Of course the boys had help. The warlords of right-wing pressdom made sure that all the sleaze that would fit was printed. The Rev. Sun Myung Moon’s Washington Times and Rupert Murdoch’s Boston Herald functioned as wholly owned subsidiaries of the GOP. Their headlines alone gave the yellow journalism of the past a new respectability.

If this incident has any long-term significance it may be to mark the coming of age of the Sons of Nixon. Those young men who served as volunteers or interns or merely watched from the sidelines as the Nixon-H.R. Haldeman-Donald H. Segretti team did their thing in the early ‘70s, are now applying the lessons learned. While the country shunned and denounced the dirty tricksters, the Sons of Nixon were taking notes. The most dire consequences of that period may yet lay ahead in American politics.

Actually the current crew almost makes one wish for the return of Segretti. He at least had a sense of humor. Granted, disrupting Edmund S. Muskie’s press conference by having white mice dropped on the floor wearing blue ribbons saying “Muskie is a rat fink,” is not exactly kosher. But it doesn’t reach the same depths as attacking a man over his reaction to the death of his brother.

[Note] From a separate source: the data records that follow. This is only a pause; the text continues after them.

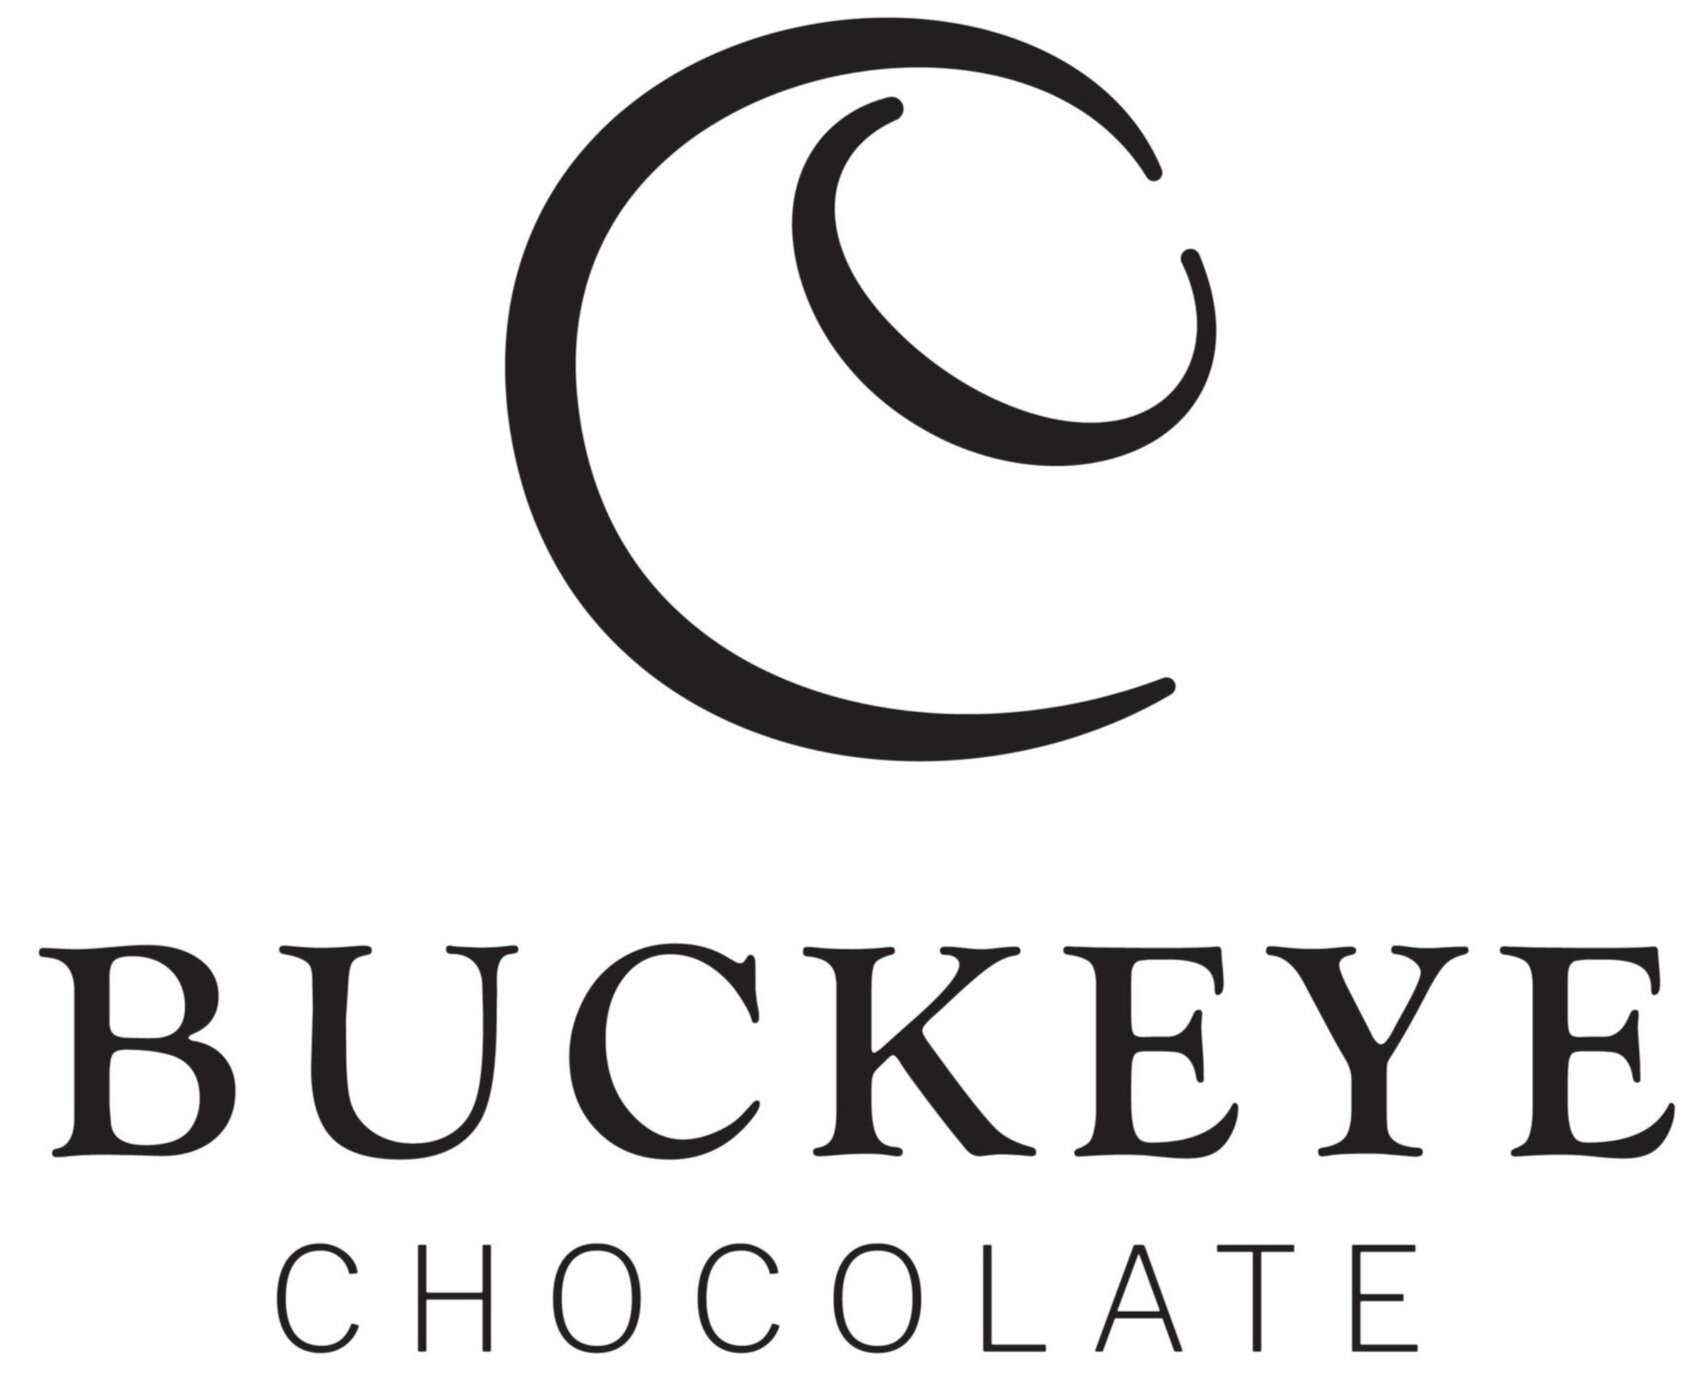 Buckeye Chocolate Co
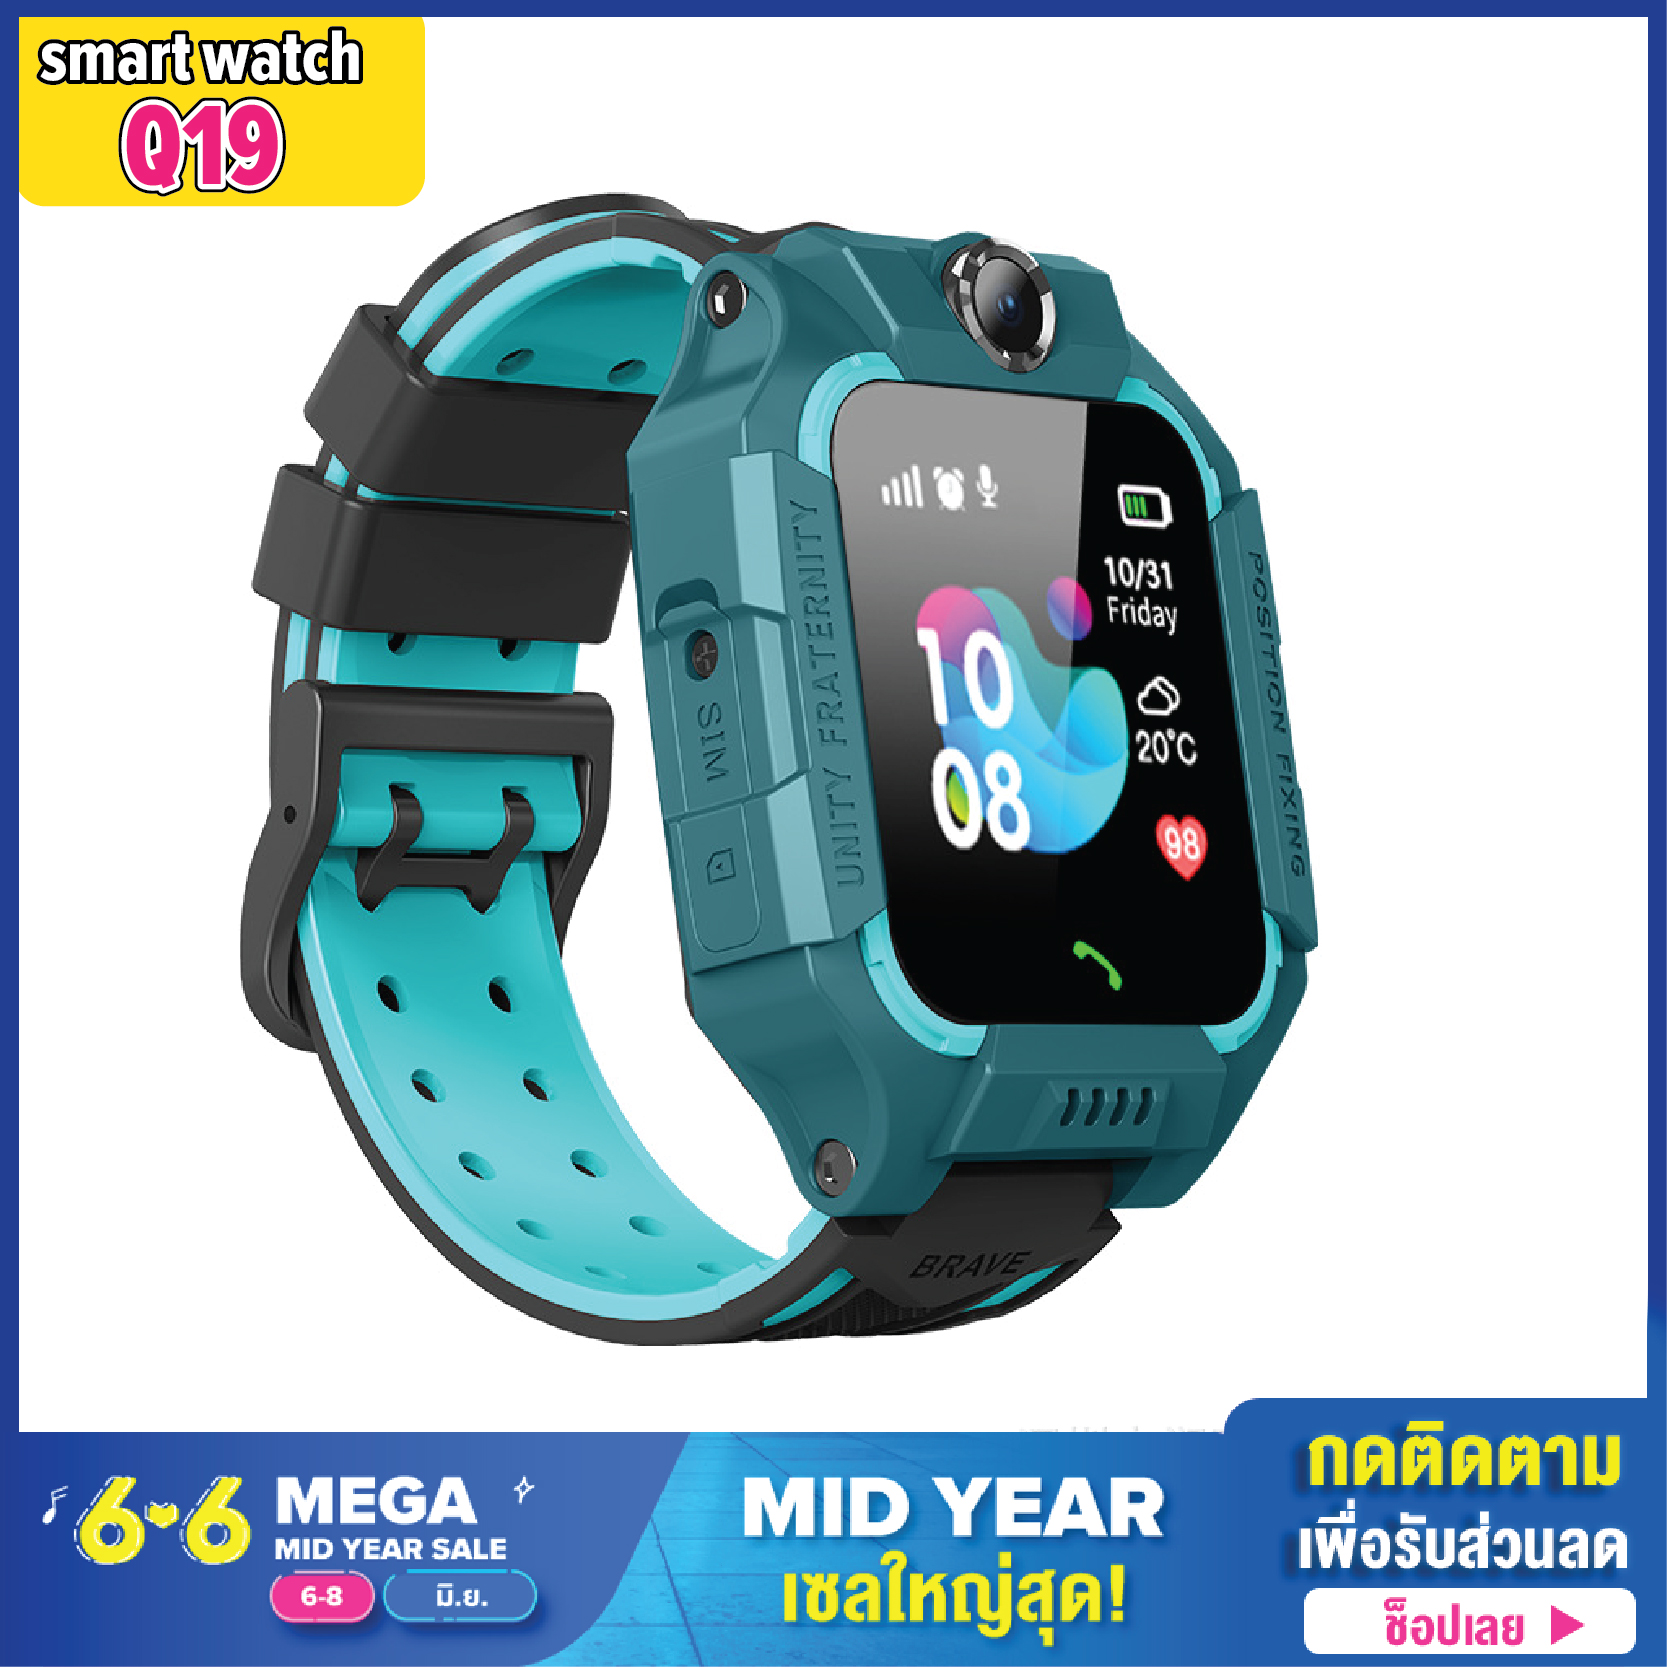 [ส่งจากไทย] [การันตีถูกสุด] นาฬิกาเด็ก รุ่น Smart Watch Q19 เมนูไทย รองรับภาษาไทย ใส่ซิมได้ โทรได้ พร้อมระบบ GPS ติดตามตำแหน่ง Kid Smart Watch นาฬิกาป้องกันเด็กหาย ไอโม่ imoo สมาร์ทวอชท์ นาฬิกาอัจฉริยะ นาฬิกาเพื่อสุขภาพ ส่งไว บริการเก็บเงินปลายทาง
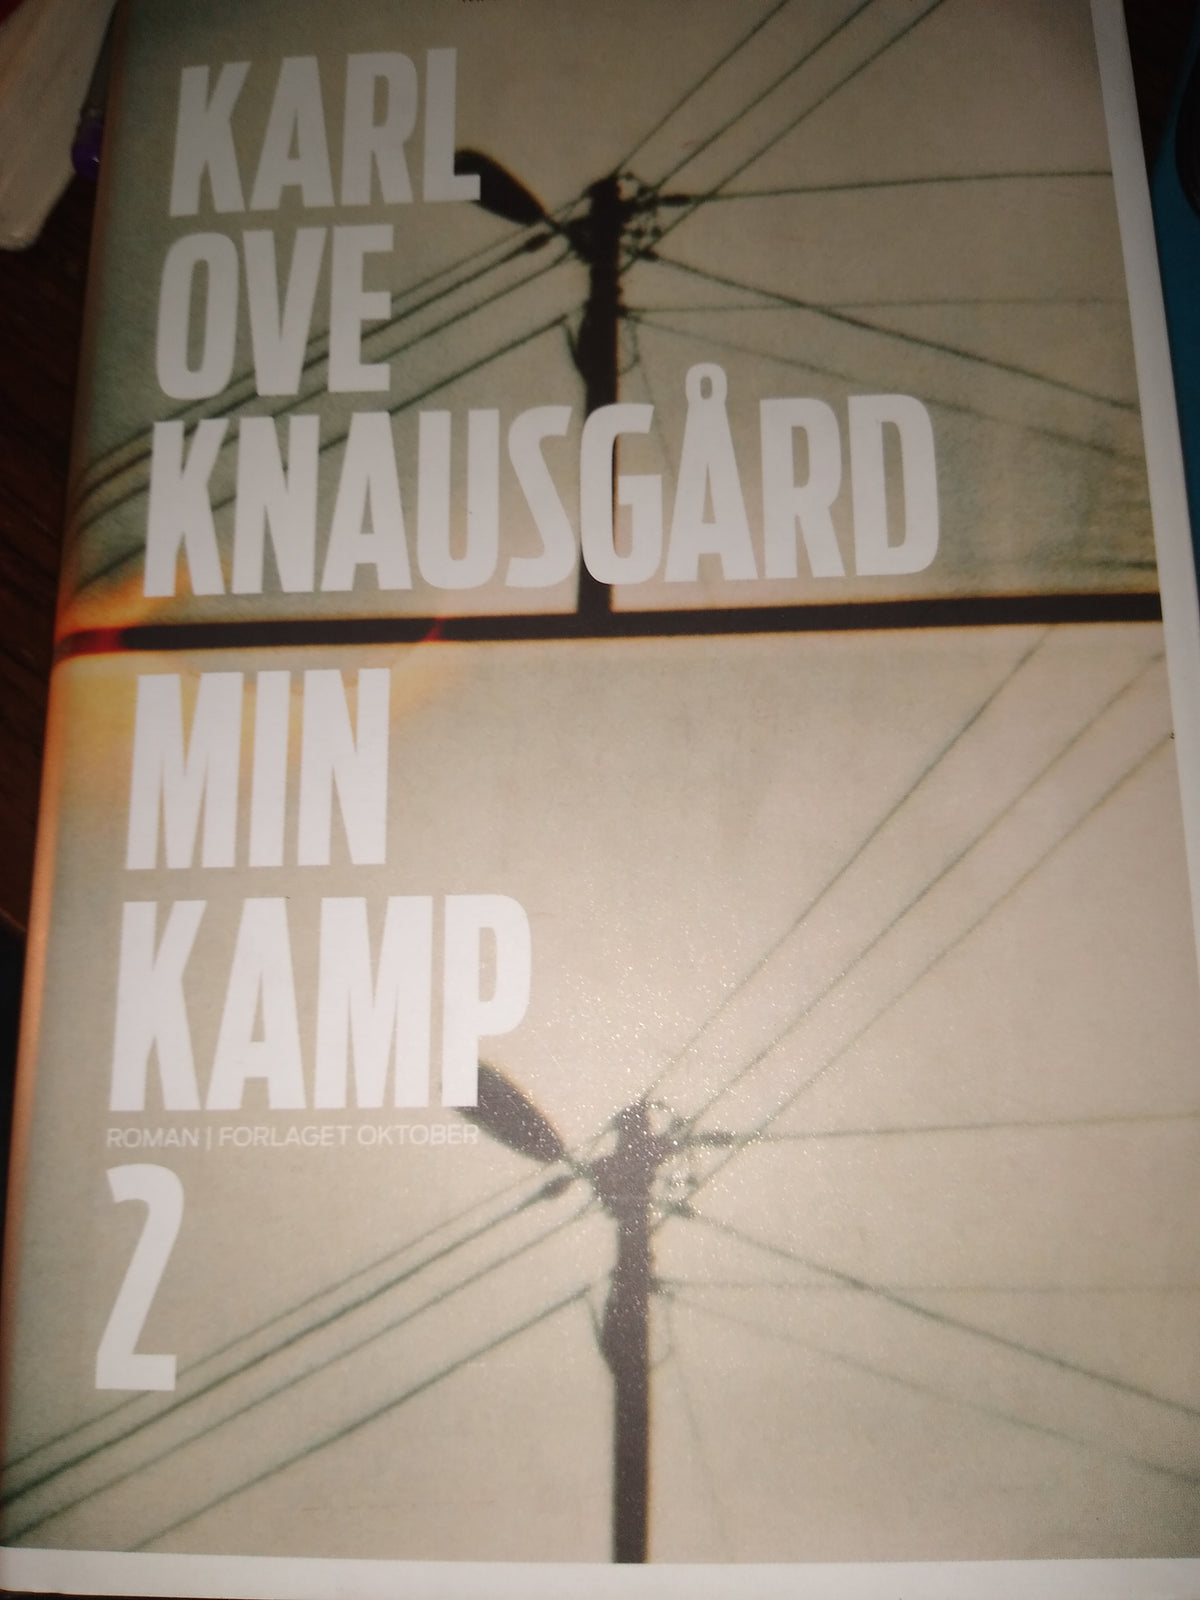 Min Kamp 2 by Karl ove Knausgard Swedish

Unfortunately for the GOP troopers, they steered the press to the murky lower levels, and got everyone covered in mud with nothing to show for it. The press may show more reluctance in descending with them to their next story line.

Leaving the role of tradition aside, the “medical waste” incident underlines the bleakness of the GOP situation. It’s dawning on the Bush campaign that they don’t have an electable candidate. Understandably, they want to make sure the Democrats don’t have one either.